2. The method of claim 1 wherein the introduction of the aqueous citric acid in step “b” is accomplished through dropwise addition at a rate of from 0.1 to 100 ml/min per 350 grams of calcium carbonate powder material.

3. A granulated calcium carbonate produced by the method of claim 1 wherein said granulated material exhibits a FLODEX index measurement of at most 15 mm.

4. The granulated calcium carbonate produced by the method of claim 3 wherein said granulated material exhibits a FLODEX index measurement of at most 10 mm.

5. The granulated calcium carbonate produced by the method of claim 4 wherein said granulated material exhibits a FLODEX index measurement of at most 7 mm.

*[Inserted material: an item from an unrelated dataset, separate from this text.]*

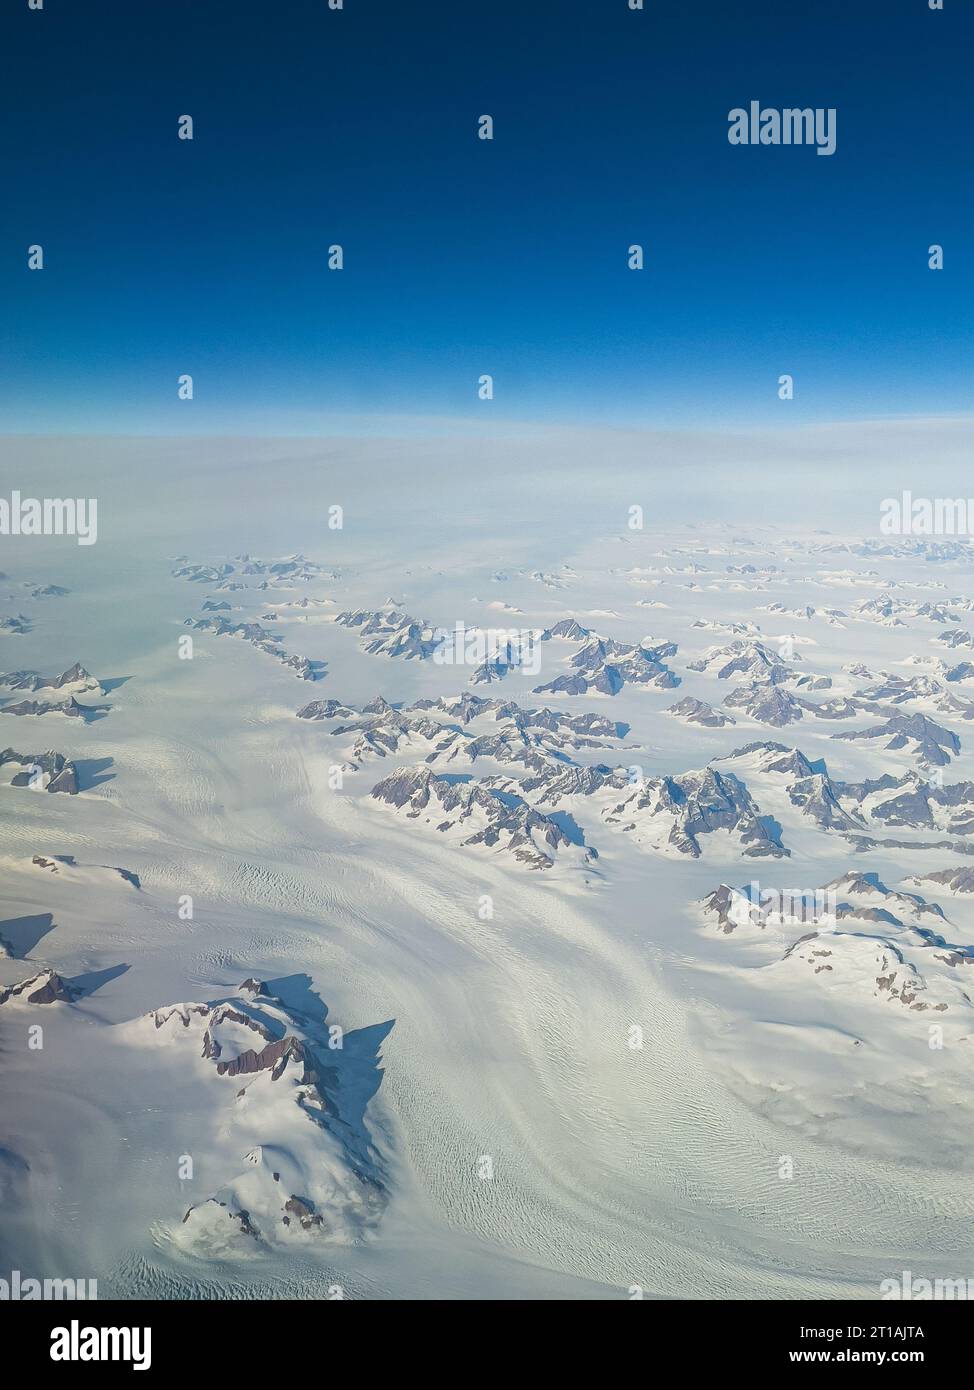 Unglaubliche Aussicht von einer Ebene ausgedehnter Schneefelder und Berggipfel Grönlands an einem sonnigen Tag mit blauem Himmel am Horizont Stockfoto

6. A granulated calcium carbonate produced by the method of claim 2 wherein said granulated material exhibits a FLODEX index measurement of at most 15 mm.

7. The granulated calcium carbonate produced by the method of claim 6 wherein said granulated material exhibits a FLODEX index measurement of at most 10 mm.

8. The granulated calcium carbonate produced by the method of claim 7 wherein said granulated material exhibits a FLODEX index measurement of at most 7 mm.

9. A tablet or capsule comprising the granulated calcium carbonate of claim 3.

10. A tablet or capsule comprising the granulated calcium carbonate of claim 4.

11. A tablet or capsule comprising the granulated calcium carbonate of claim 5.

12. A tablet or capsule comprising the granulated calcium carbonate of claim 6.

13. A tablet or capsule comprising the granulated calcium carbonate of claim 7.

14. A tablet or capsule comprising the granulated calcium carbonate of claim 8.